Chris and I began our marriage in an ideal way by the world’s perspective. Chris already had a great job, had bought us a house, and a nice car. After three years of marriage and two sweet children our life was a picture of the american dream. From the outside everything was perfect.
The problem was that our lives were completely consumed with pleasing self. We faithfully attended church, but rarely gave a thought to God or what He might want for our life. We told ourselves that we could live for God and live the way that we wanted at the same time. Our days were filled with working for more money, more things, more fun, more self satisfaction. The more we gained the more dissatisfied and empty we felt.
I can remember coming home one night after church considering Heaven. I knew that I was saved and would one day be there. When I considered standing before my Lord and Savior I felt very sad. My heart was broken by the thought of facing the one who had given everything for me and telling Him that I had done nothing for Him with my life.
That night I began to pray that the Lord would turn things around in my life and in my family. I prayed that the Lord would change my husband’s heart as well. I never told Chris what I was feeling or how I was praying. I really didn’t even know how to put it into words. So I just asked God to work in his heart.
A couple weeks after this night, Chris called me on the way home from work. My normally tough, unemotional husband was in tears. He told me that he was tired of living for self and that we had to drastically change our lives. I knew that God had answered my prayer! That evening we wept and prayed together for the first time in a very long time. We didn’t know what the future would hold, but we felt such a great peace in knowing that our lives were now in God’s hands and not in our own.
This is what began the amazing journey that has led us to plant churches in London.

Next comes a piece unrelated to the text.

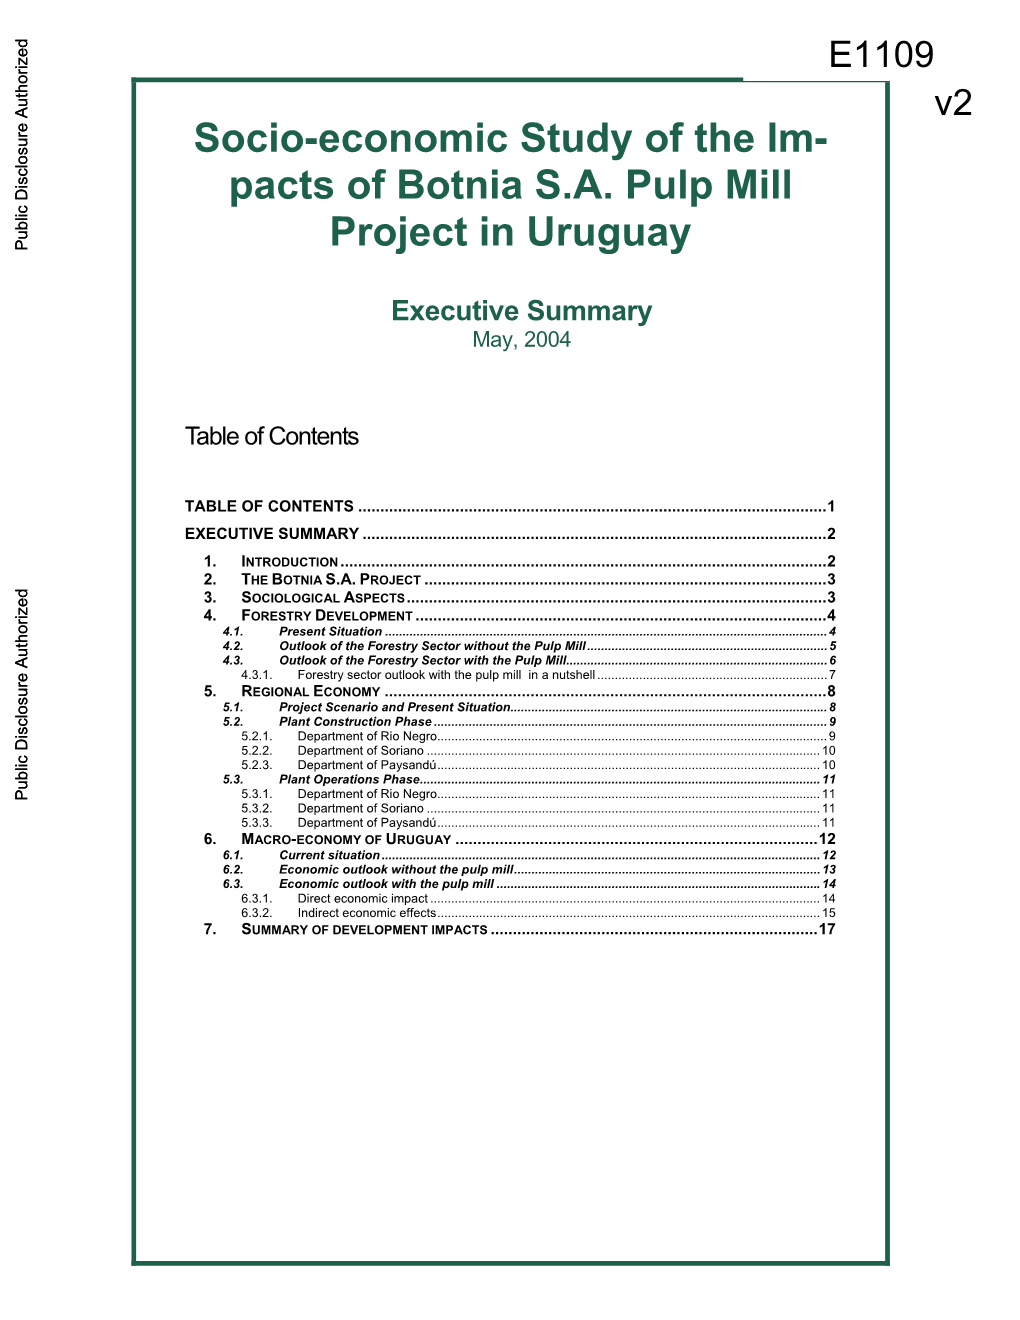 Pacts of Botnia SA Pulp Mill Project in Uruguay

Deputation often feels long. Sometimes I feel tired and my attitude is not what it should be. In these times I remember what my life was before and I determine to live for the Lord all over again. I can tell you honestly that the joy and peace of living my life for the Lord is so much better than the emptiness and dissatisfaction of living for myself. God meets every need and is so good to my family! Trusting God with your life doesn’t mean you have to be a missionary, but it does mean being willing to do anything God would lead you to do.
Matthew 6:24 says “No man can serve two masters: for either he will hate the one, and love the other; or else he will hold to the one, and despise the other. Ye cannot serve God and mammon.”
There is no middle ground. We either serve God or we serve self. A life given to the LORD is so much sweeter!